Направлено дифференциация примитивные и окончательного гемопоэтических прародителей от человеческих плюрипотентных стволовых клеток
Summary
Здесь мы представляем человеческих плюрипотентных стволовых клеток (hPSC) культуры протоколы, используемые для различения hPSCs в CD34+ кроветворные прародителями. Этот метод использует стадии конкретных манипуляции канонических WNT, сигнализации для указания клетки исключительно для окончательного или примитивных гемопоэтических программы.
Abstract
Одна из основных целей для регенеративной медицины является создание и поддержание гемопоэтических стволовых клеток (СКК) от человеческих плюрипотентных стволовых клеток (hPSCs). До недавнего времени усилия по дифференциации hPSCs в СКК преимущественно породили гемопоэтических прародителей, которые не имеют потенциал HSC и вместо этого напоминают желточного мешка кроветворения. Эти результирующие гемопоэтических прародителями может ограниченную полезность в vitro болезни моделирования различных взрослых гемопоэтических расстройств, особенно те из лимфоидных линий. Однако мы недавно описал методы для создания Эритрею myelo лимфоидных мультилинейного окончательного гемопоэтических прародителей из hPSCs, используя протокол стадии конкретных направленного дифференцирования, который мы приводим здесь. Посредством ферментативного диссоциации hPSCs на базальной мембраны матрица покрытием пластик образуются embryoid органов (EBs).

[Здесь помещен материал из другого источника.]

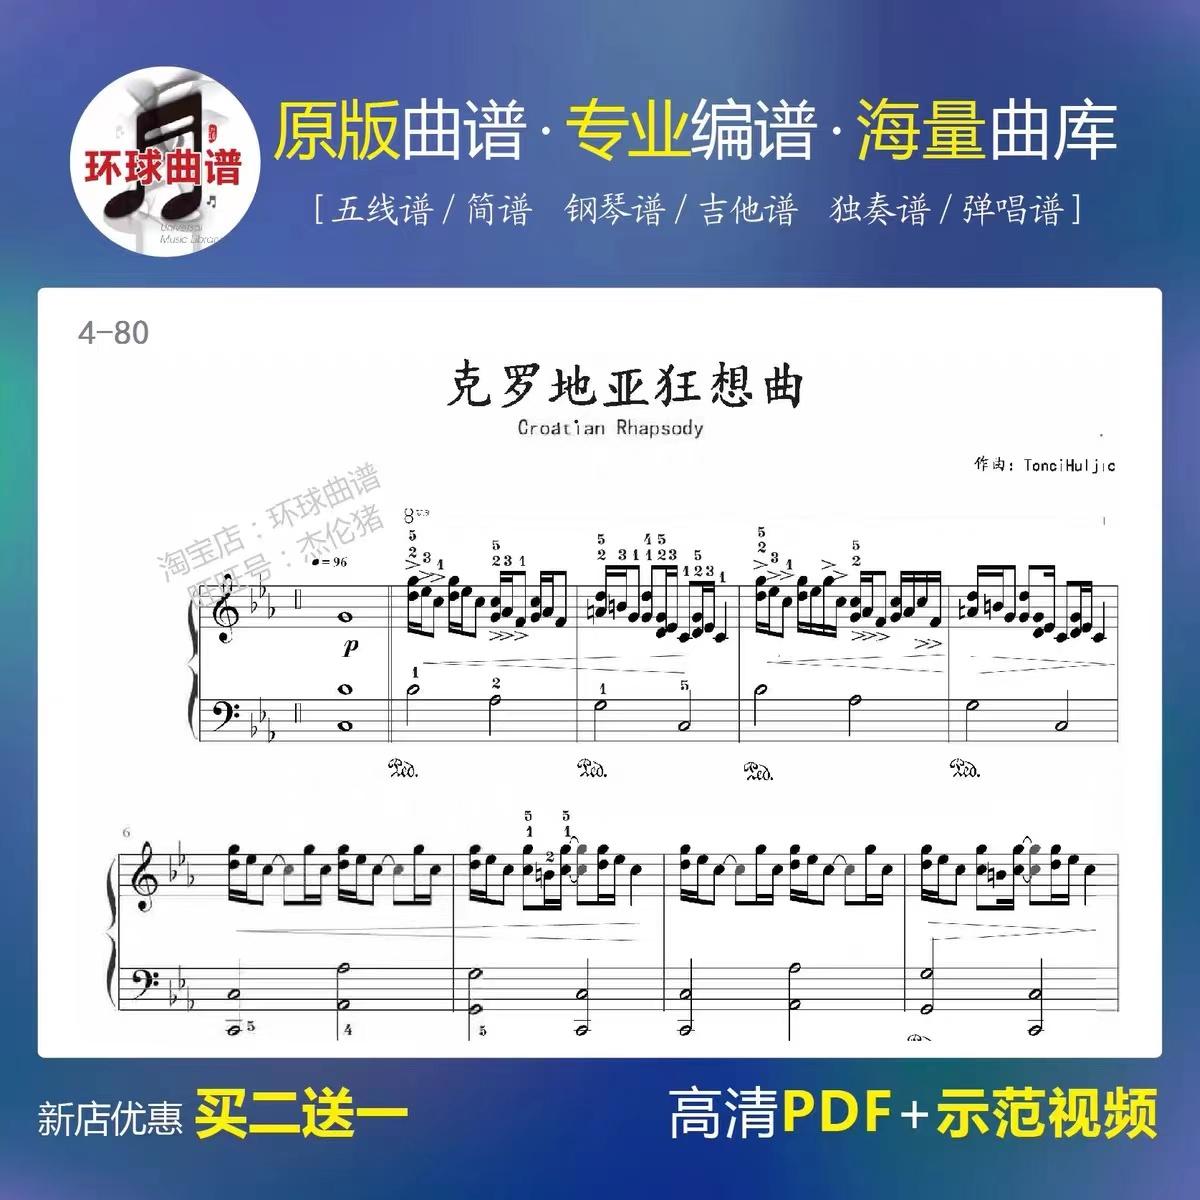 【克罗地亚狂想曲 钢琴谱 原版带指法】五线谱马克西姆曲谱电子版

EBs различаются в мезодермы рекомбинантных BMP4, который впоследствии определяется в программе окончательное гемопоэтических ингибитором GSK3β, CHIR99021. В качестве альтернативы примитивных кроветворения определяется ингибитором PORCN, IWP2. Кроветворения далее управляется через помимо рекомбинантного VEGF и поддерживает кроветворную цитокинов. Результате гемопоэтических прародителями, созданные с помощью этого метода имеют потенциал, чтобы быть использованы для развития моделирование, в пробиркеи болезни.
Introduction
Человеческих плюрипотентных стволовых клеток (hPSCs) определяются как включающие в себя как человеческих эмбриональных стволовых клеток (ЭСК), так и человеческое индуцированных плюрипотентных стволовых клеток (hiPSCs) и имеют уникальную возможность не только проходят самообновления в условиях соответствующего роста, но Кроме того, способность отличать в все типы клеток от трех зародышевых:1энтодермы и мезодермы эктодермы. Из-за этих уникальных способностей hPSCs провести большие перспективы для регенеративной медицины, болезни моделирования и терапии на базе ячеек2. В то время как несколько типов клеток были успешно дифференцированы от hPSCs, одна из существенных проблем является спецификацией в vitro исключительно взрослого как hPSC производные гемопоэтических стволовых клеток (СКК) и окончательное гемопоэтических прародителями.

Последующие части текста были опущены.